EXERCISE DESCRIPTION:
Print only the lines below from the one with "October 2017 Calendar" to the one with "Baking cake, dough", both included, exactly as they stand. Leave pictures out.

RECORDS TO USE:
----------------------------------------

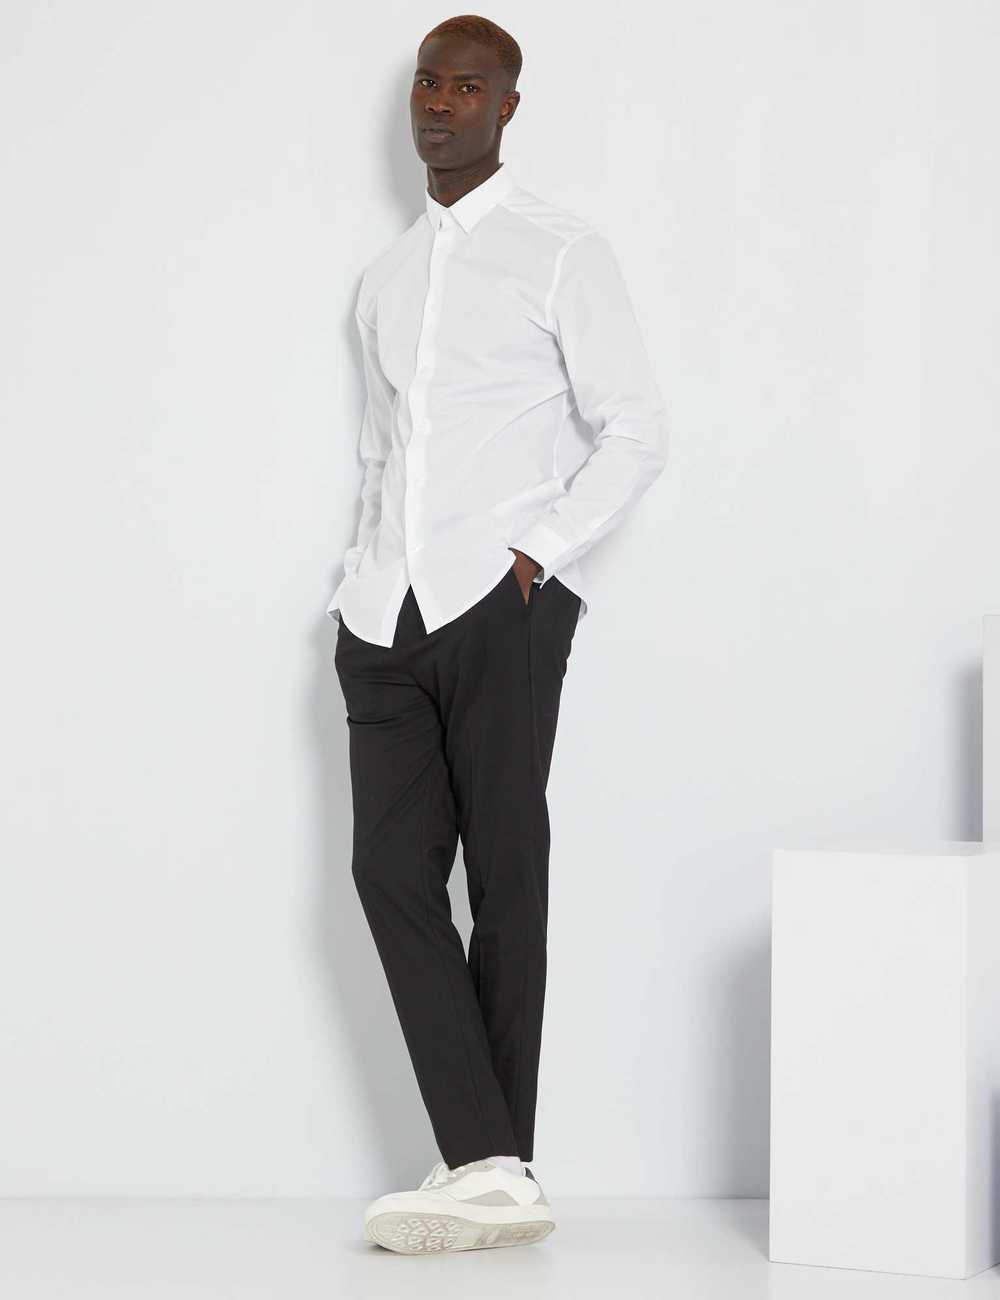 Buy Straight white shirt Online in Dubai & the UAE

----------------------------------------

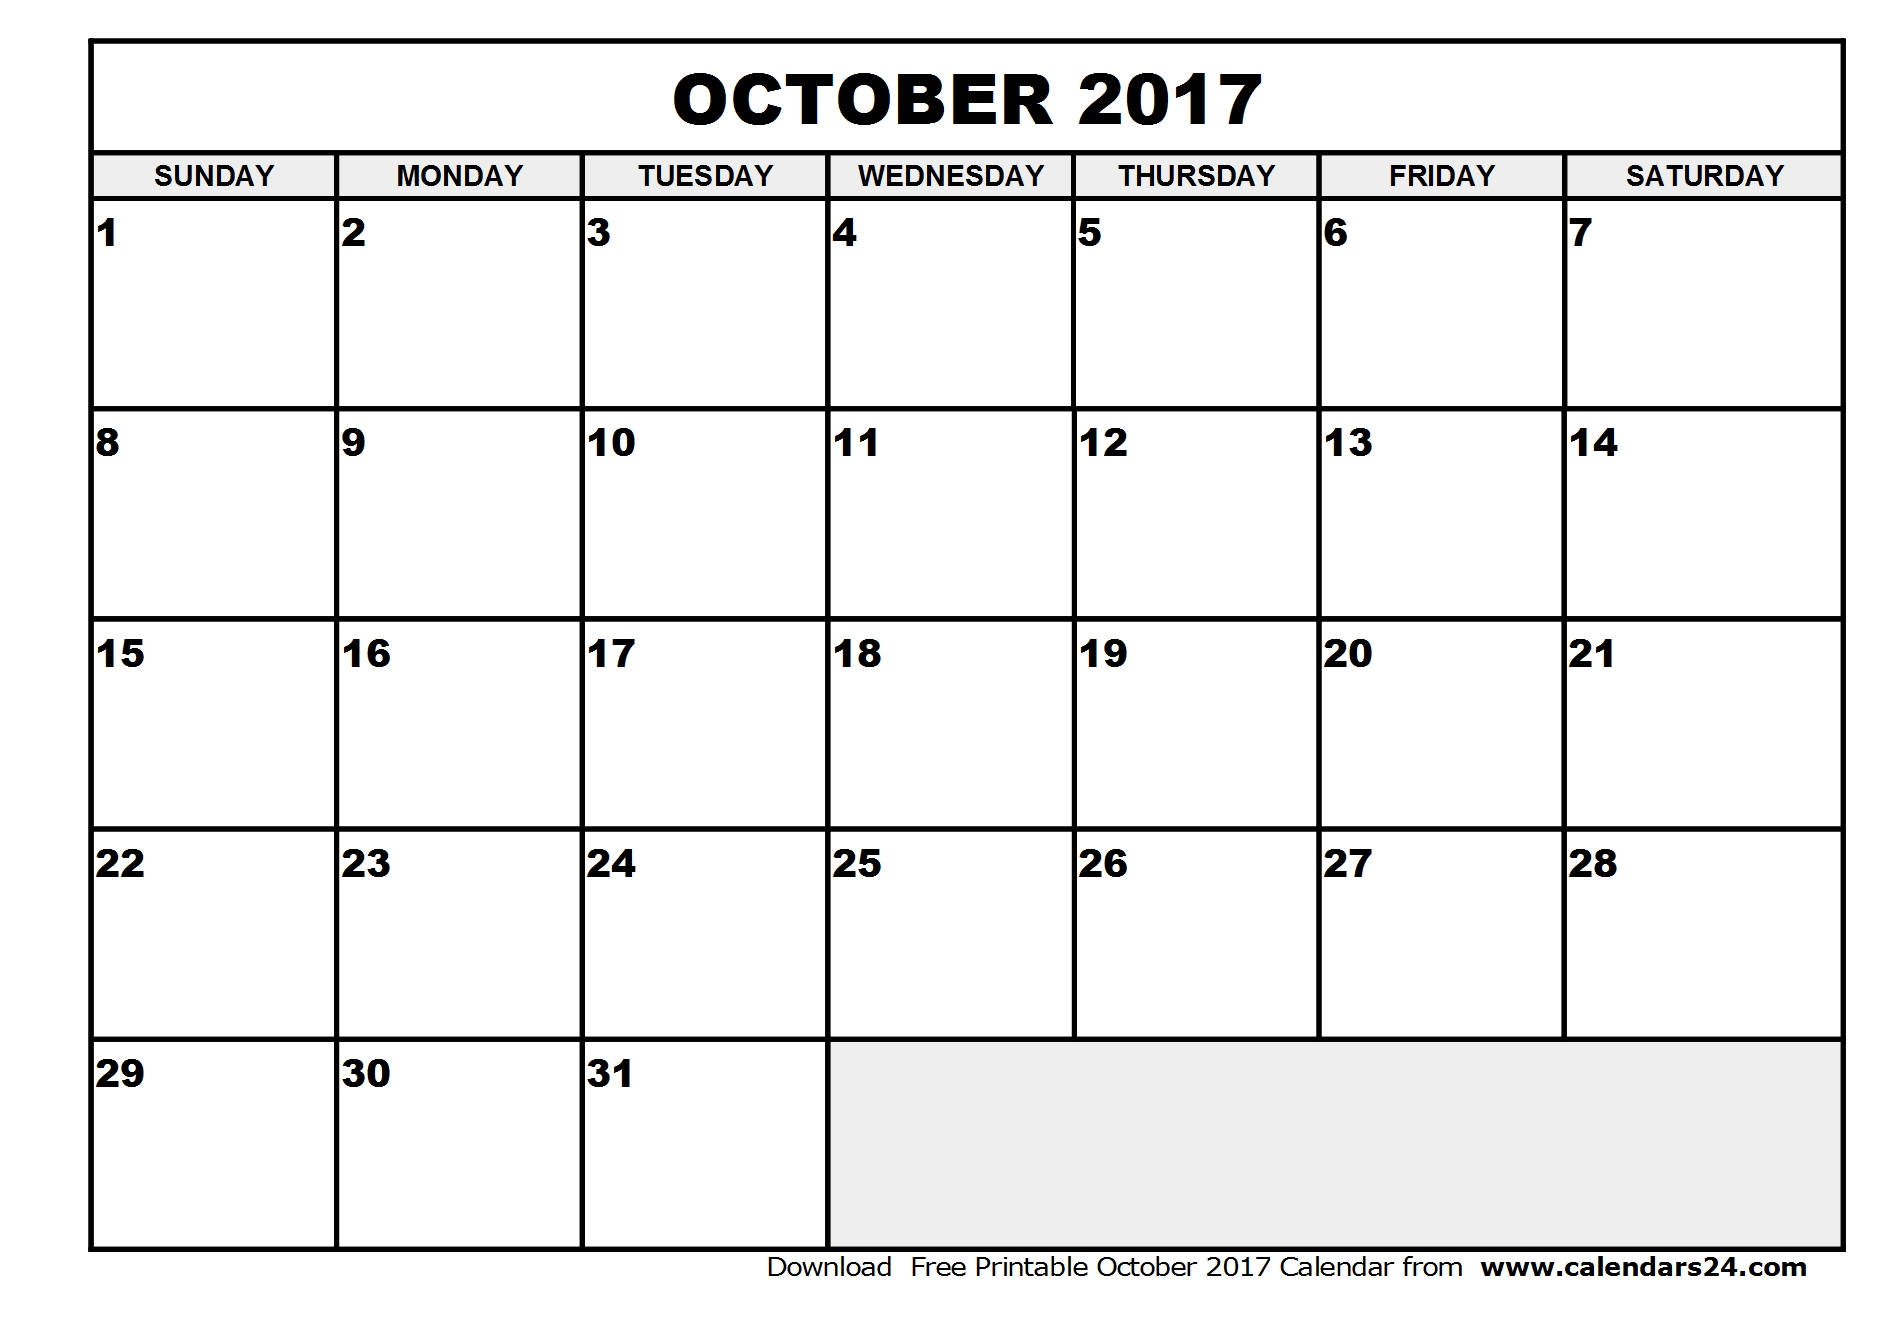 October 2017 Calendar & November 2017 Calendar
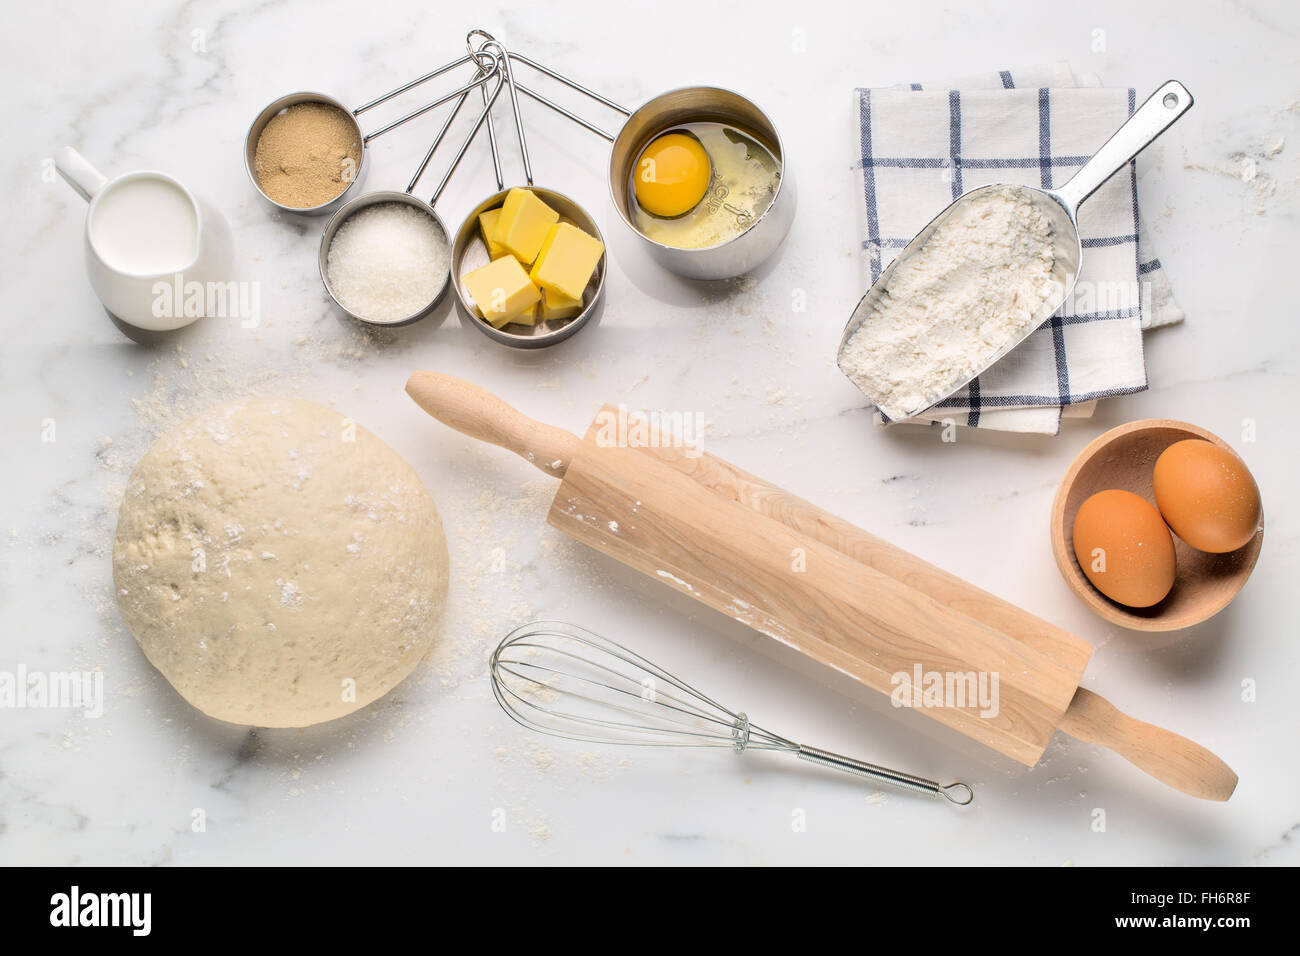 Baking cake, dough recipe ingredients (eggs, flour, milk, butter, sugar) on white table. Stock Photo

----------------------------------------

SOLUTION:
 October 2017 Calendar & November 2017 Calendar
 Baking cake, dough recipe ingredients (eggs, flour, milk, butter, sugar) on white table. Stock Photo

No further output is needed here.